Rain struck the windows in a steady rhythm, the kind of relentless drizzle that soaked you through before you realized it. Eliara Voss stood behind the counter of Grind & Bloom, a quiet little coffee shop nestled in the corner of downtown Avondale. It was the kind of place people wandered into without thinking, lured by the smell of fresh espresso and the safety of soft lighting.
Eliara liked it that way—quiet, predictable. Boring, even.
She wiped down the espresso machine, barely listening to the low hum of jazz in the background. The bell above the door jingled. She glanced up.
The man who entered looked like a shadow that had taken human shape. Long coat, damp from the rain. Unruly black hair. A sharpness in his gaze that made her fingers tense around the cloth she was holding.
"Just coffee," he said when he reached the counter.
No hello. No smile.
Eliara nodded and moved to prepare it. But when she turned back, his eyes were still on her—not in the way customers sometimes watched baristas work, but like he was searching for something. Measuring something.

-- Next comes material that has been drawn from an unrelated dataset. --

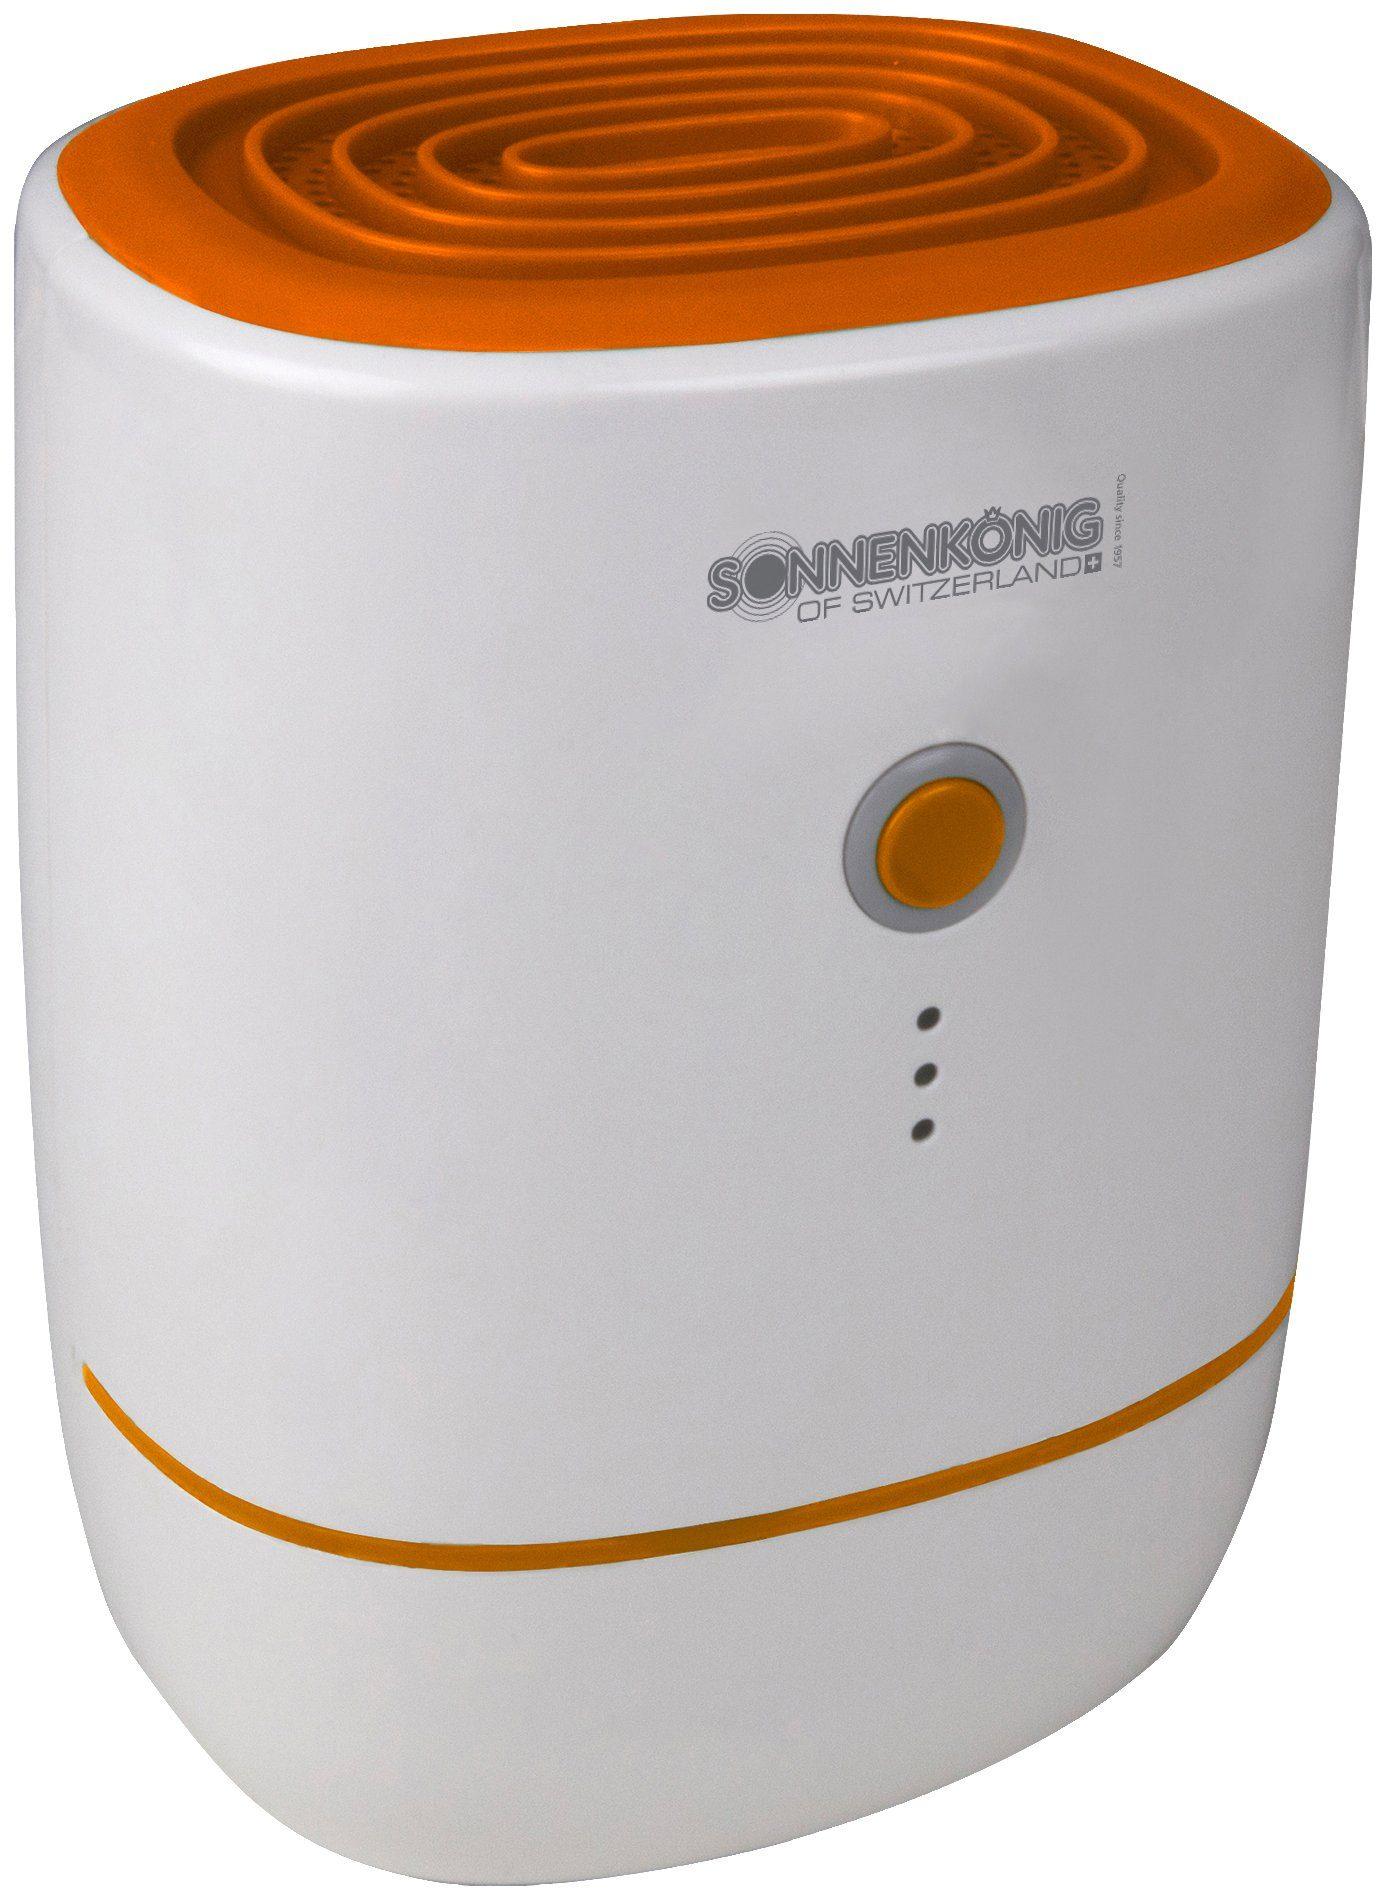 SONNENKÖNIG Luftreiniger »Secco Piccolo Orange«, 0,6 Liter Tank

"Never seen you before," she said, more to fill the silence than out of interest.
"That's because I wasn't supposed to be seen."

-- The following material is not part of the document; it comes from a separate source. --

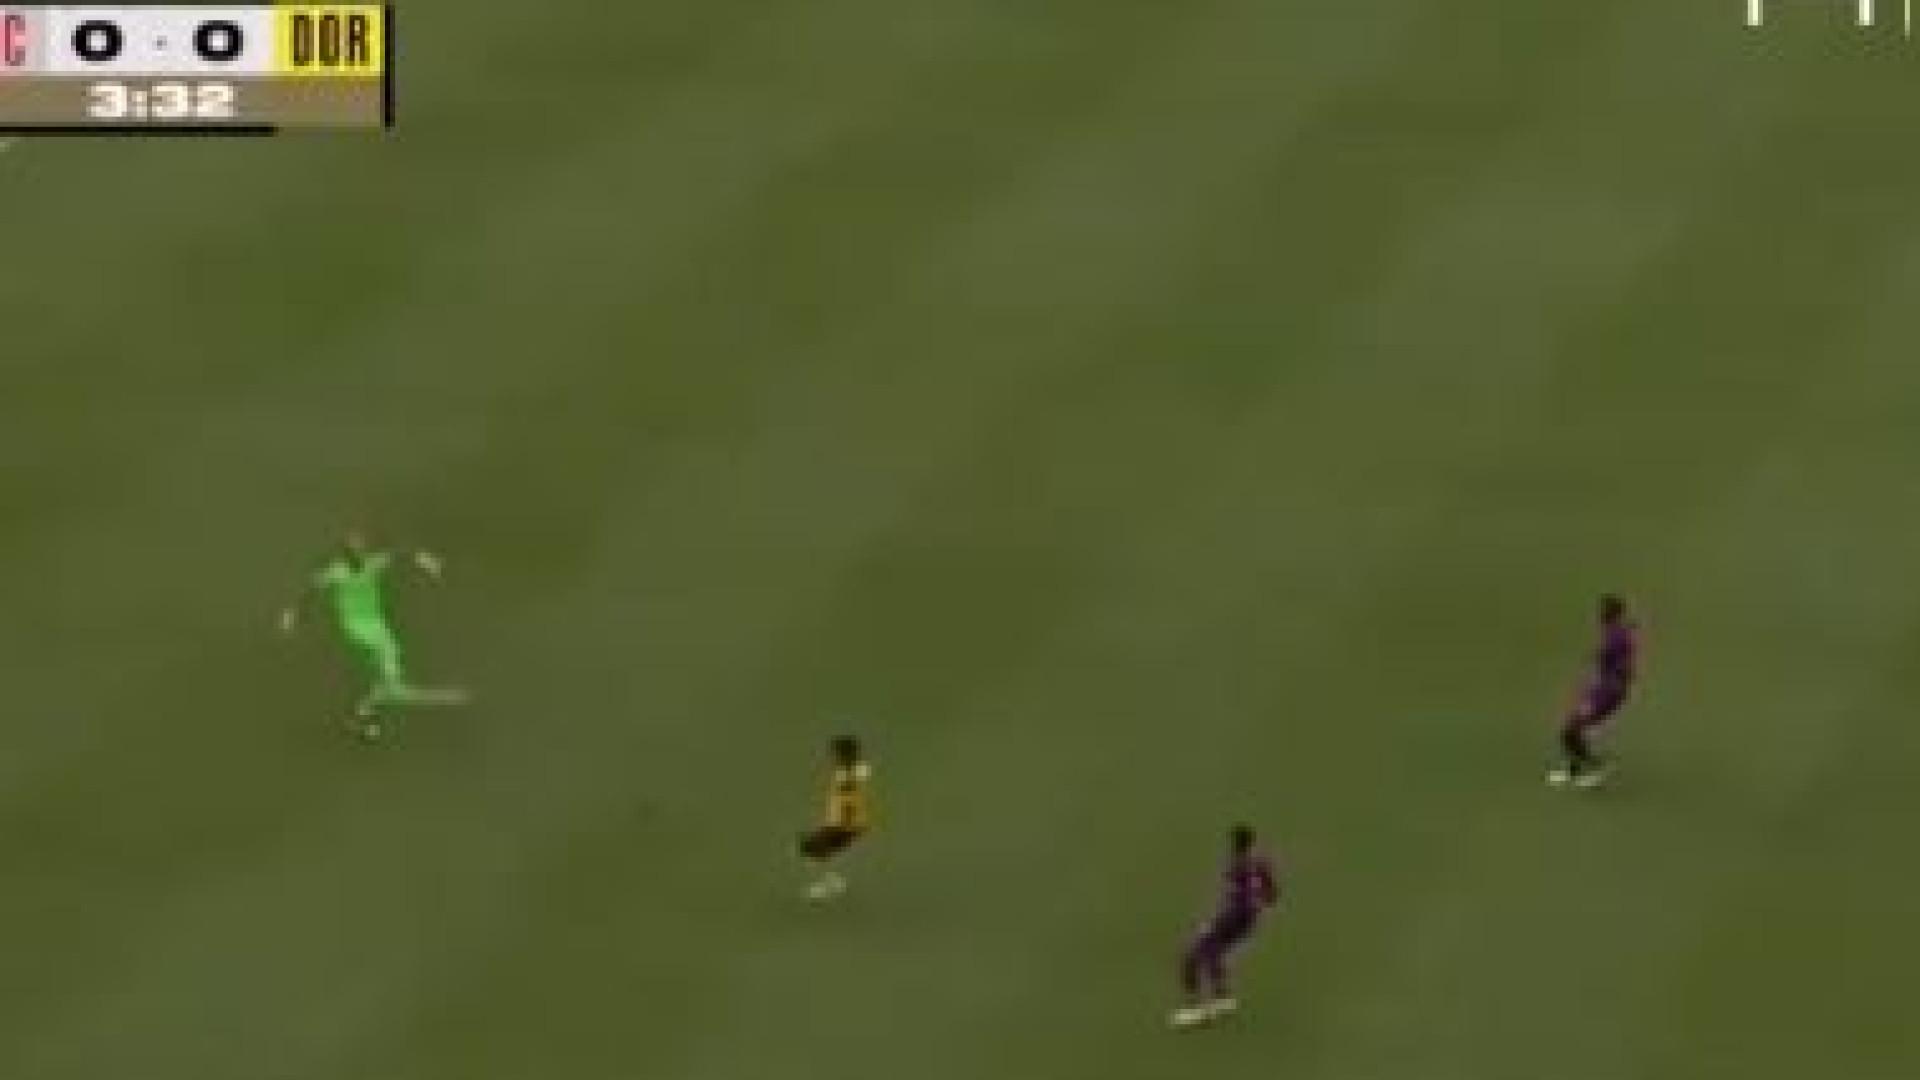 Karius volta a cometer 'erro grosseiro' em particular com o Dortmund

Her hands froze mid-reach for the cup.
"…What?"
He smiled faintly, like he'd said too much. "Never mind."
She gave him his coffee. He dropped exact change on the counter without breaking eye contact, then turned to leave—but paused.
"You see them, don't you?" he asked.
Eliara blinked. "See what?"
But he was already gone.
That night, sleep was difficult.
Not because of the man—although his strange words did rattle around her head—but because something was wrong with the lights in her apartment. They kept flickering, dimming, brightening, then going completely dark for half-seconds at a time.
And every time the room went black, Eliara saw shapes. Not furniture. Not shadows. Shapes that didn't belong.
She'd lived in this tiny studio for two years and had memorized every curve of it. But when the lights blinked out, the air felt crowded. The kind of crowded that raises the hairs on your arms. Something watching. Something waiting.
At 2:13 a.m., she finally got up and grabbed a flashlight. When she flicked it on, the beam caught a shimmer—just for a second—in the corner of the room. Like light bouncing off glass.
But there was nothing there.
She didn't sleep after that.
The next morning, she didn't go to work. She sat in her apartment with every light on and curtains drawn.
Her phone buzzed. A message from an unknown number.
You're not losing your mind. Meet me where the city forgets itself.
Eliara stared at the message, read it twice, then deleted it. She didn't like puzzles. Didn't like strangers who said weird things and looked at her like she was supposed to know something she didn't.
But then the lights flickered again. And this time, she heard something whisper her name.
She grabbed her coat and keys.
Eliara knew where to go.
"The place where the city forgets itself" could only mean one thing: the Old Quarry Station. Abandoned twenty years ago, the city had grown around it and left it behind—a forgotten vein in Avondale's concrete anatomy.
She took the metro halfway there, then walked the rest of the way through streets that grew progressively more silent. The station was just as she remembered from the urban legends: crumbling stone, iron gates rusted open, graffiti covered walls.
She ducked inside.
The silence was different here. Thick. Heavy. Like the air didn't move.
And then she saw him again—standing on the broken platform, hands in his coat pockets like he was waiting for a train that hadn't come in decades.
"You came," he said, without turning around.
Eliara stepped closer, cautiously. "Who are you?"
"Rowen. Calder. I'm… like you."
"I'm not like anything," she snapped. "I'm normal."
"No, Eliara. You're Awake."
That word. Awake. It hit her like a bell in her bones.
"What does that mean?"
He turned now, and his eyes had changed. There was a faint glow to them. Not bright. Not human.
"You can see through the Veil. It's been thin for years, but now—it's tearing. The world you think you know? It's just a mask."
Eliara took a step back. "You sound insane."
"Do I?" Rowen raised a hand and, with a flick of his fingers, the air shimmered like heat on asphalt. And then—it bent.
The world behind him twisted. Like it was being peeled back. For a second, Eliara saw a shape behind the air. A figure too tall, too thin, cloaked in mist and shadow.
She gasped. The thing looked right at her.
Then the shimmer snapped closed. Normality returned.
"What—what was that?" she whispered.
"A Watcher. From the other side of the Veil. They're not supposed to cross—but some of them are trying."
"Why me?" she asked.
"Because your blood remembers what your mind doesn't." Rowen looked at her like he'd known her forever. "You come from a line of Veilkeepers. People meant to guard the barrier. But the old order fell, and the memory of it was… erased."
Eliara shook her head, but her body betrayed her. She wasn't scared.
She was curious.
"I don't believe you," she said. But even as the words left her mouth, something inside her said: You've always known.